Using the map on the top left (opacity represents collisions per $km^2$) we can see that the Midtown Manhattan area as well as Fordham (Bronx) are the places with most collisions per $km^2$. Labels are placed in the district with most collisions per $km^2$ and the fourth most (because of space).

Using the map we can also see that a Horse crashed in Manhattan as well as a Go Kart in the Bronx! They are the sole cases of their respective vehicle type.

**5. Is there a correlation between weather conditions and accidents?**

Using the purple heatmap on the right, we can see that as Rain, Wind and Visibility conditons worsen, we find more collisions per hour. We see a trend with darker colors when conditions are not perfect. For Rain and Visibility, we see that for terrible conditions we have a lower collision rate, we can explain this by thinking about how a human works. With heavy heavy rain we will realise easier that we must drive safer, with a light rain we may not even care. Same goes for Visibility. Wind on the other hand is different, as once we get into the car, noticing it is harder so we don't change how we drive as much.

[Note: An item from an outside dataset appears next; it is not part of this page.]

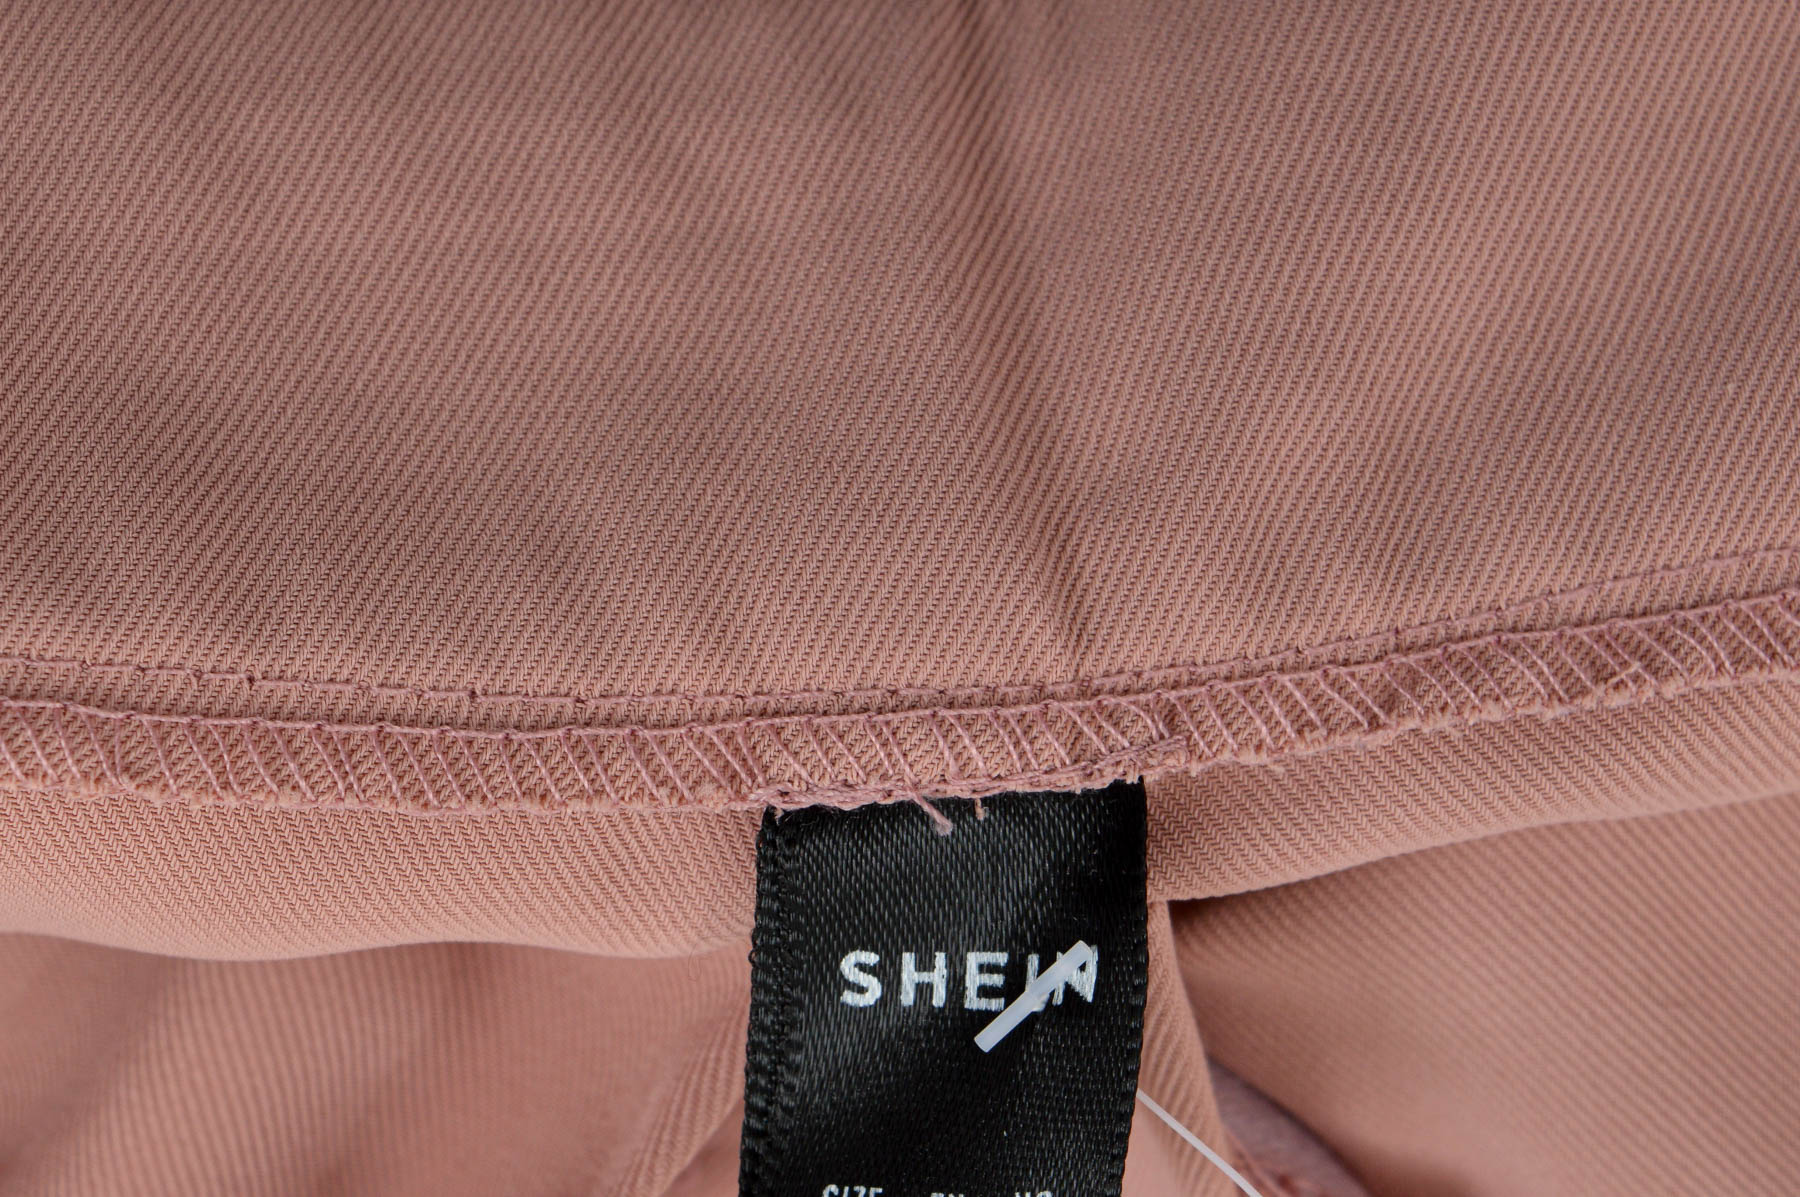 Women's trousers - SHEIN - 2

In summary, there is a correlation, we find more accidents when conditions are not perfect.

## Extra

**6. What vehicles are the most dangerous?**

Using the 2nd chart on the left scatter plot, we can see that two-wheelers injure more people per collision than four-wheelers! These latter vehicles have a chasis that protect the people inside in a collision, however, two-wheelers do not. If we look a bit closer, we see that the faster a two-wheeler is, the higher death rate! With motorcycle being the vehicle with most deaths per collision.

**7. What is the main cause of accidents?**

Using the left heatmap in the blue-teal pair at the bottom, it becomes evident that the primary causes of accidents are driving infractions and driver inattention. However, delving deeper into the chart reveals additional valuable insights. Notably, in the case of bicycles and e-bikes, accidents caused by pedestrian errors are more likely compared to other vehicle types. This indicates a heightened risk of accidents involving pedestrians in interactions with bicycles and e-bikes. Additionally, an interesting observation arises concerning bicycles, e-bikes, and e-scooters. In these vehicle categories, there is a higher percentage of accidents attributed to driver inattention. Curiously, these do not require a license to drive (except some e-scooters)!

Using the right heatmap in the blue-teal pair at the bottom, we can break down the driving infractions that lead to accidents. Here are some notable examples: Firstly, ambulances stand out with a higher percentage of collisions attributed to "passing too close." Similarly, in the case of bicycles, there is a higher percentage of collisions associated with "Failure to Yield Right of Way". These are just some highlighted examples, and a more in-depth analysis would reveal additional insights into specific driving infractions contributing to accidents.